Connecticut’s Employer Defamation Defense
The Connecticut Supreme Court unanimously held that an employer will be liable for defamatory intra-company communications made with either “actual malice” or “malice in fact.” Gambardella v. Apple Health Care, Inc., 291 Conn. 620 (2009). A statement made with “actual malice” is one made with actual knowledge of its falsity or with reckless disregard for its truth. A statement made with “malice in fact” is one made with bad faith or improper motive. Proving actual malice is more difficult.

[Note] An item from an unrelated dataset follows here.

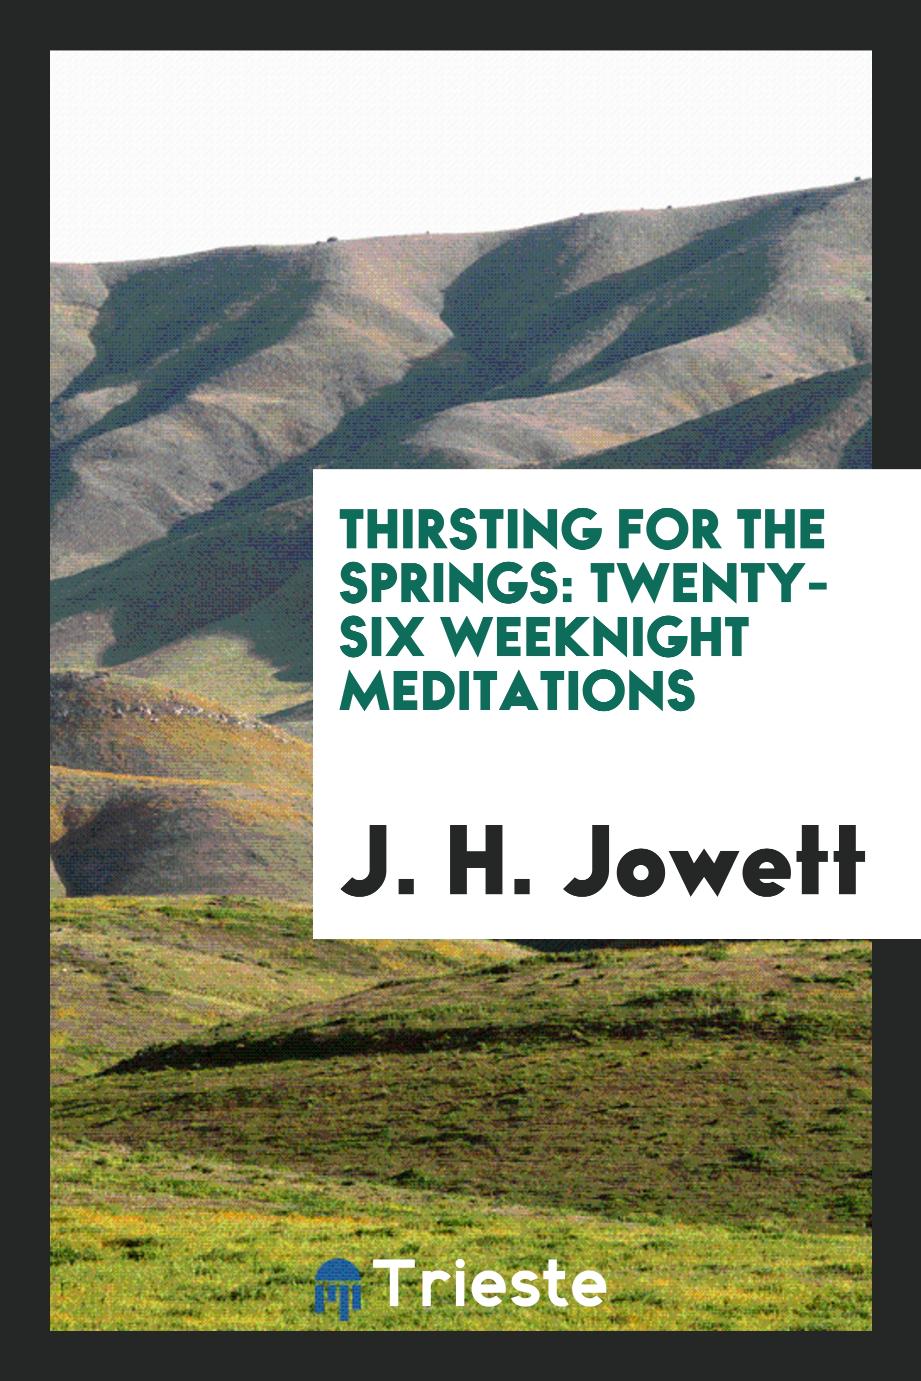 Thirsting for the Springs: Twenty-Six Weeknight Meditations
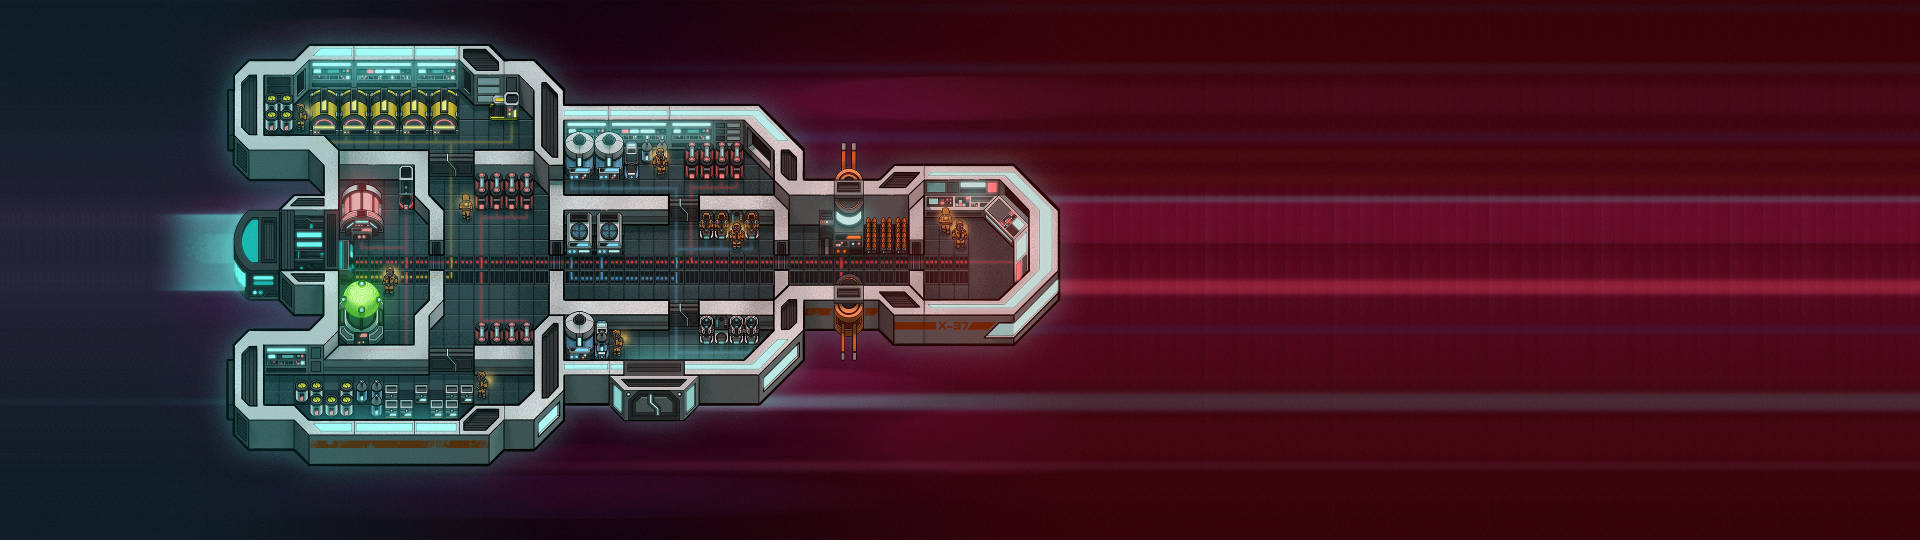 Irisan Perangkat Lunak Introversi Pengembang Arsitek Penjara Starship Terakhir

In this case the plaintiff worked for an extended care facility. After the death of a facility resident, the resident’s relative told the plaintiff she could dispose of the late resident’s furniture and other personal property in any manner she wished. The plaintiff kept two chairs and the rest was used elsewhere in the facility. Management claimed her keeping of the chairs violated the company’s policy against stealing even though the resident’s relative informed investigators that she had given the furniture to the plaintiff. Instead of taking disciplinary action against the plaintiff under a rule calling for a three day suspension for accepting gifts, it terminated her for stealing. It communicated the stealing decision to others in the facility and plaintiff brought a defamation suit.
The company defended itself by claiming a well established qualified privilege, which permits managers to make intra-company comments regarding employment issues, even those of a defamatory nature, when required for the effective flow of communication. This qualified privilege, however, is lost when the statements are made with malice. The issue in this case was whether the plaintiff had to show the statements were made with the higher “actual malice” standard or lower “malice in fact” standard.
The Court held either standard suffices; therefore, an employee need not prove the statements were knowingly false, only that they were made with either ill will or some improper or unjustifiable motive. Here, because the company clearly knew the employee had not stolen the property, the Court found it acted with actual malice. It pointed out that its actions also met the “malice in fact” standard because its statements were inconsistent with any honest interpretation of the facts, and a defendant cannot insulate himself by merely claiming he believed his unlikely statements were true.
While managers are still protected by the qualified intra-corporate communications privilege, they must exercise caution when selecting the precise reason for a termination decision, and must limit any discussion of the decision to those with a business need to know.